_What you need to do_: Every line below must come back exactly as it stands, with the images omitted.

_Given information_:
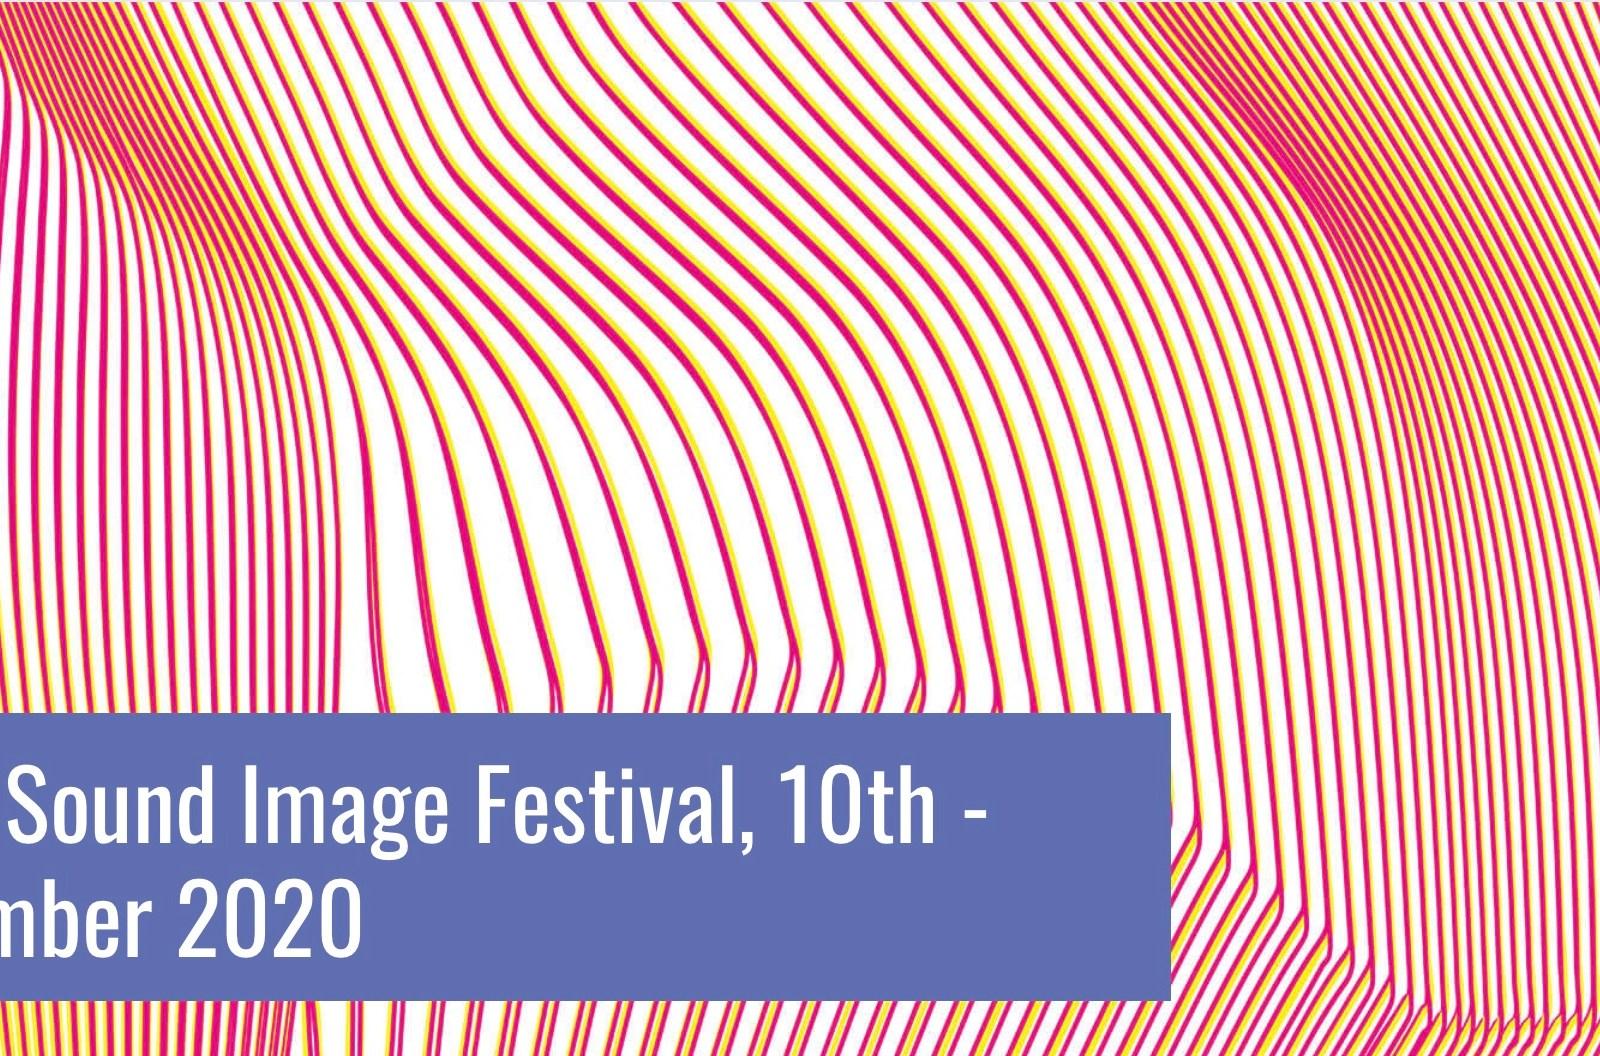 Sound Image Festival logo grab
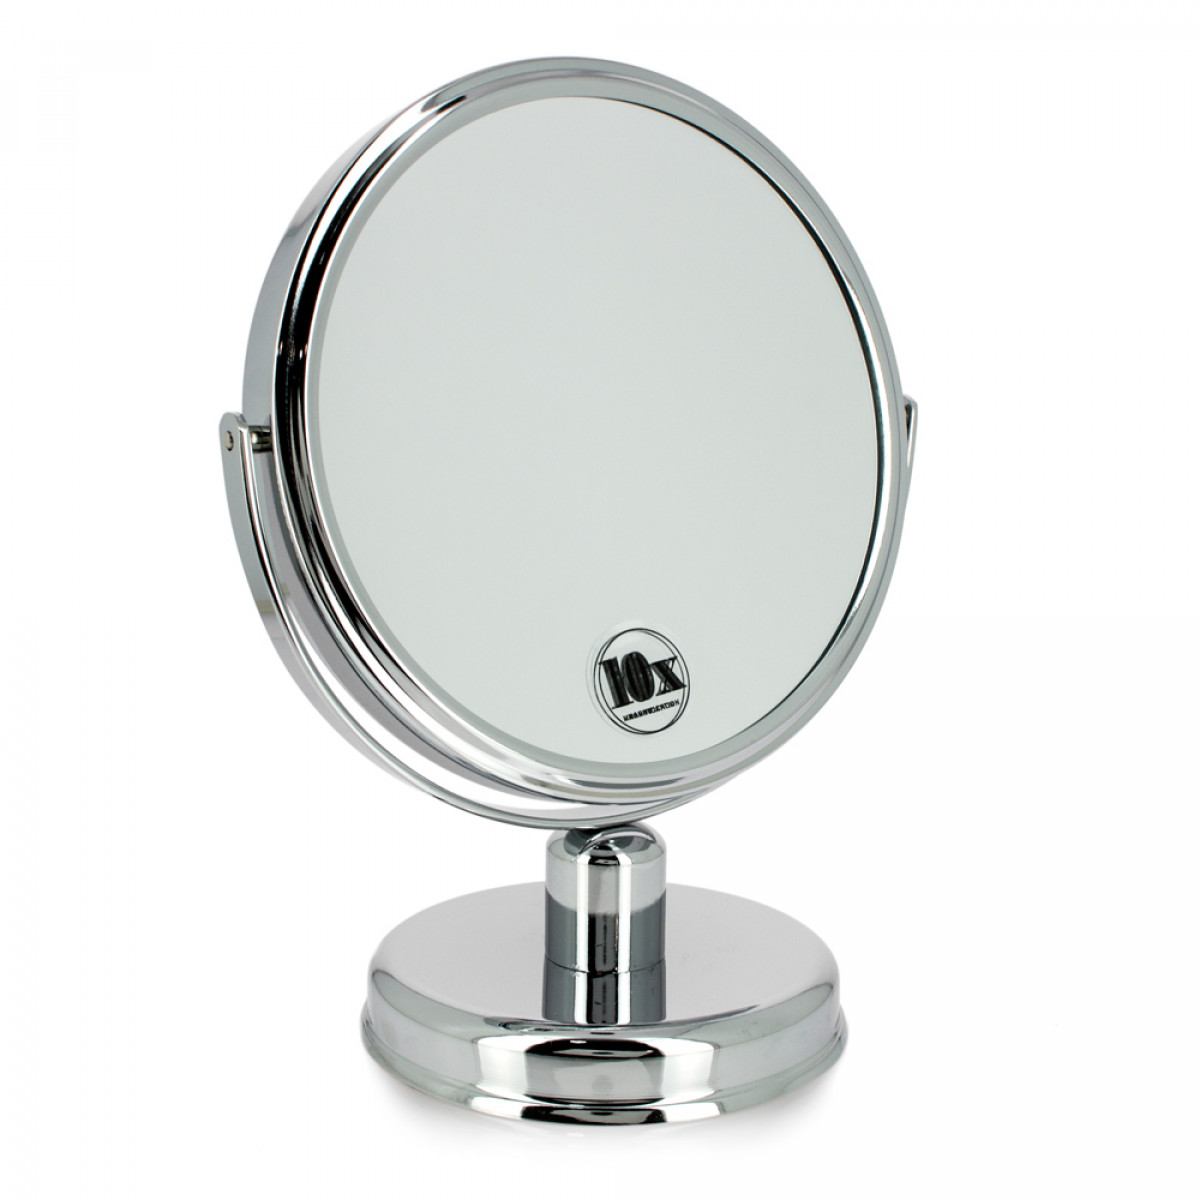 miroir grossissant x10 notre
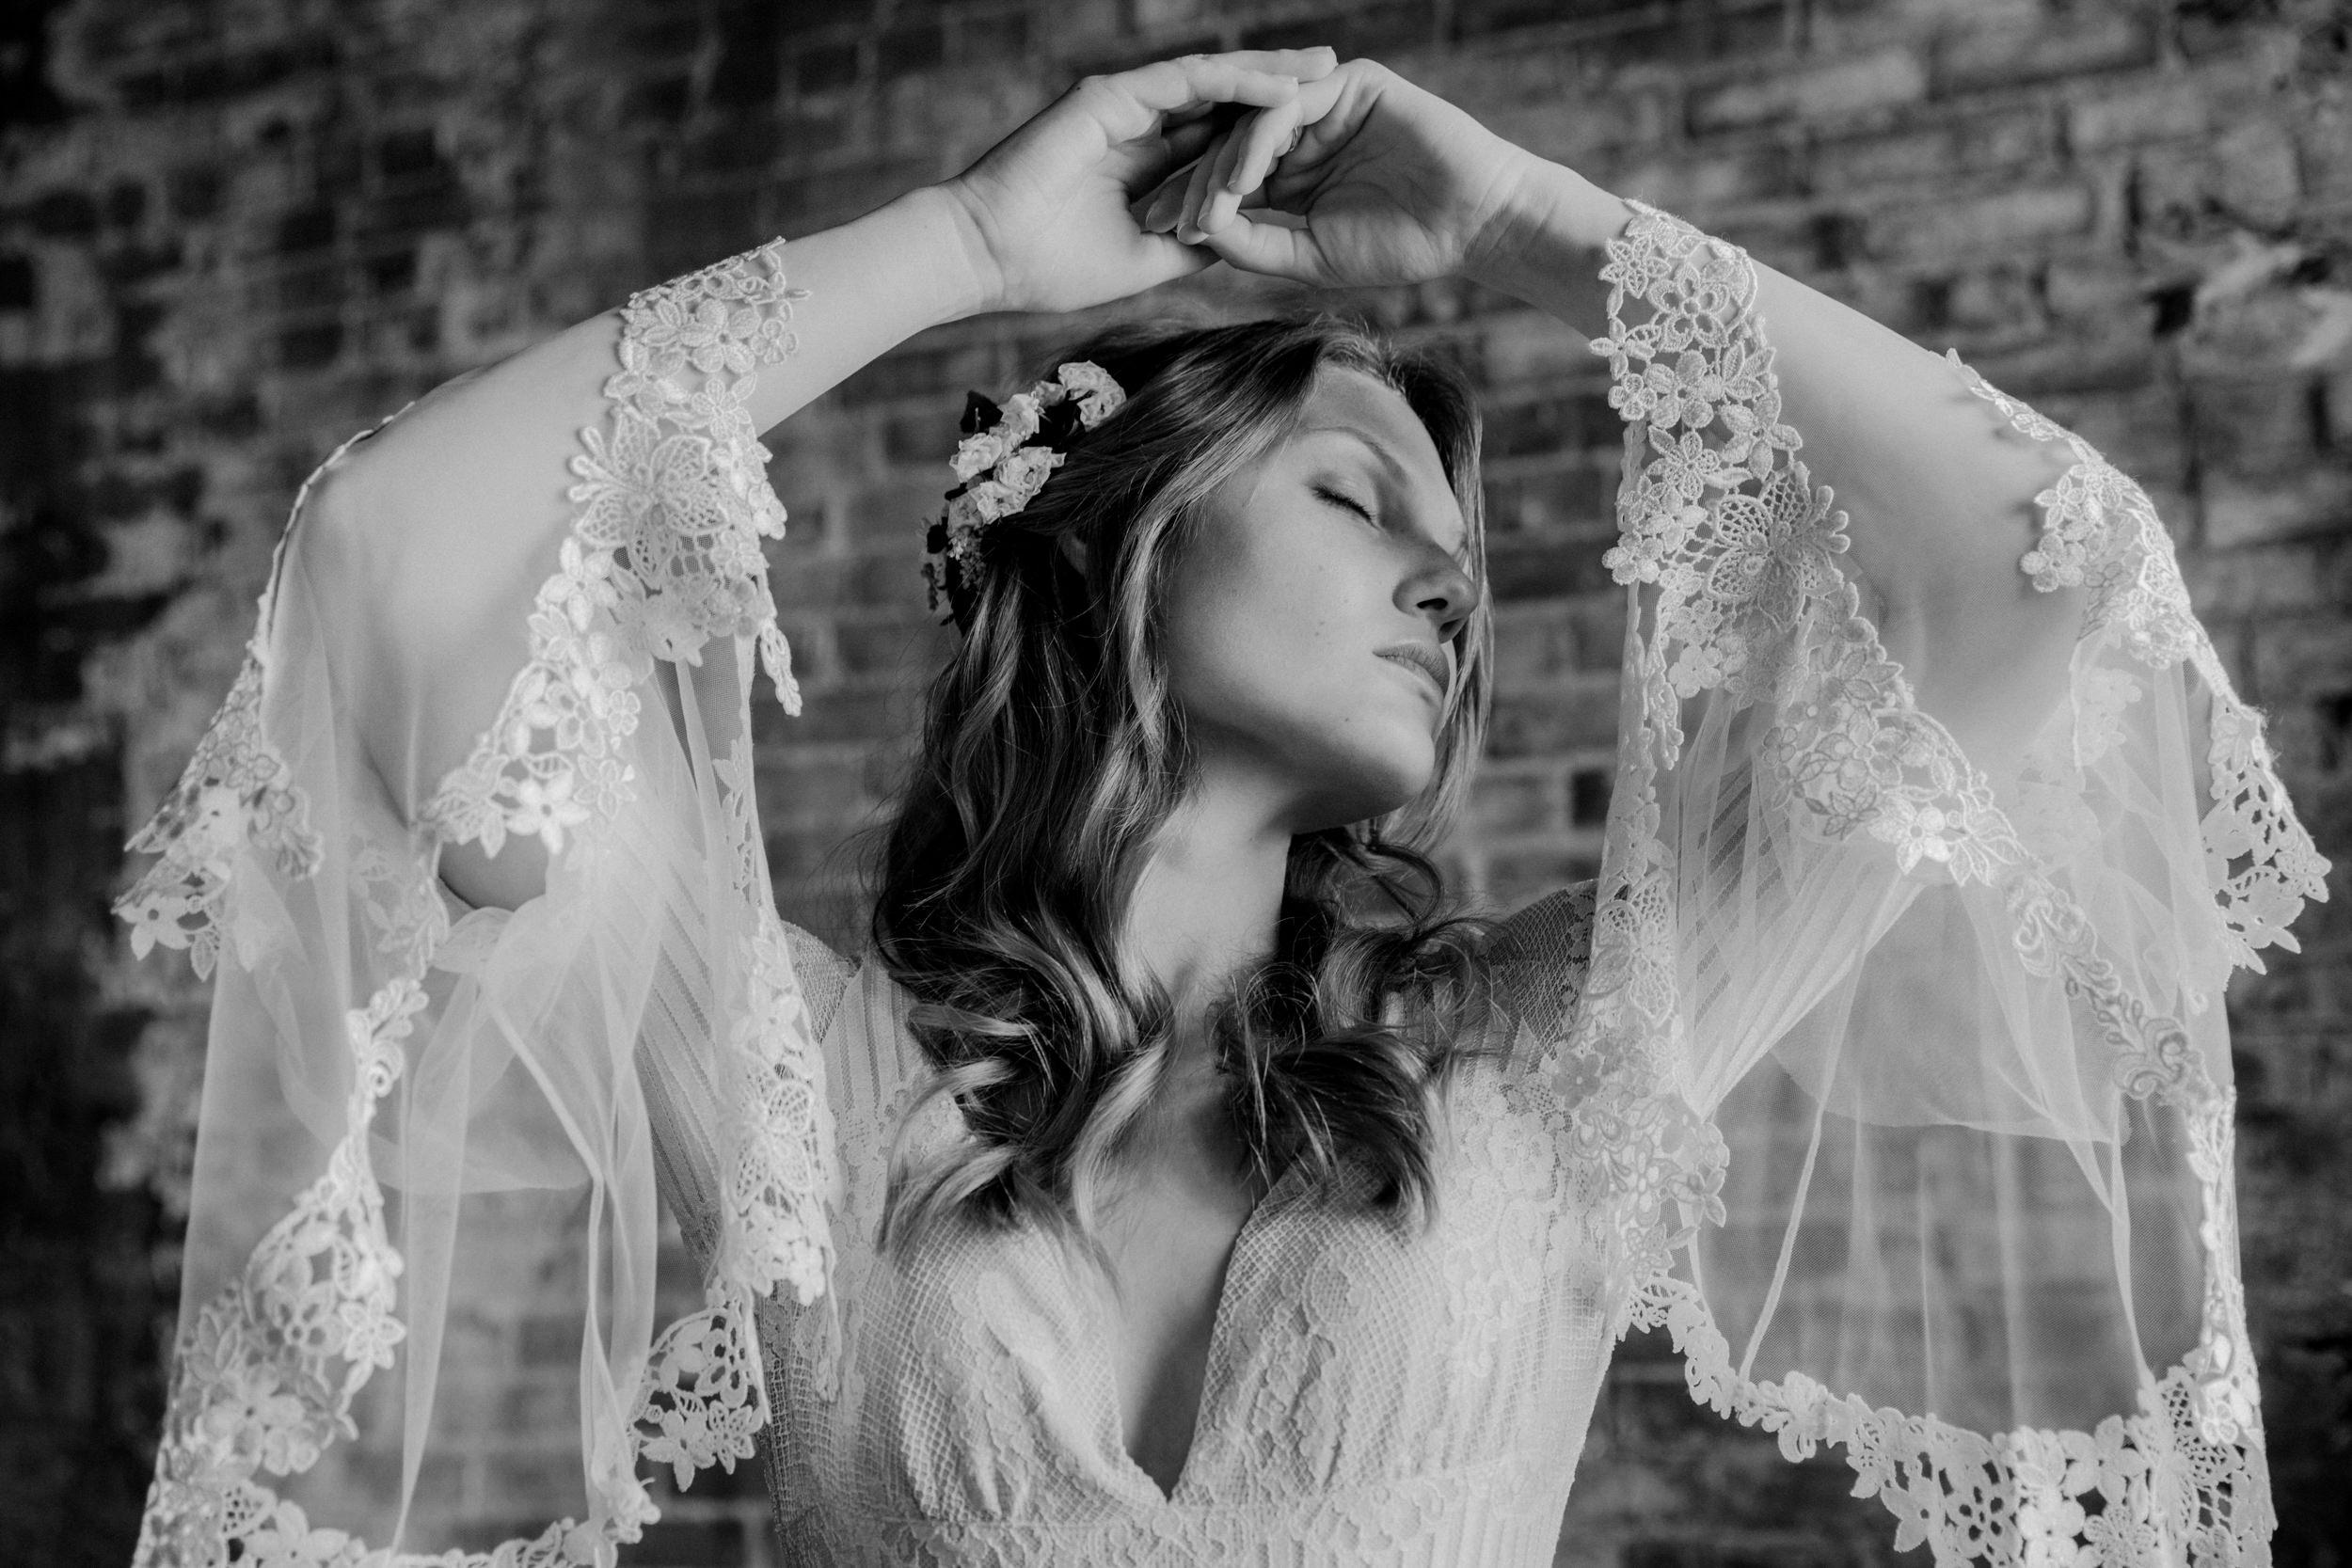 fidelio_boho_styled_wedding014bw.jpg

_Answer below_:
 Sound Image Festival logo grab
 miroir grossissant x10 notre
 fidelio_boho_styled_wedding014bw.jpg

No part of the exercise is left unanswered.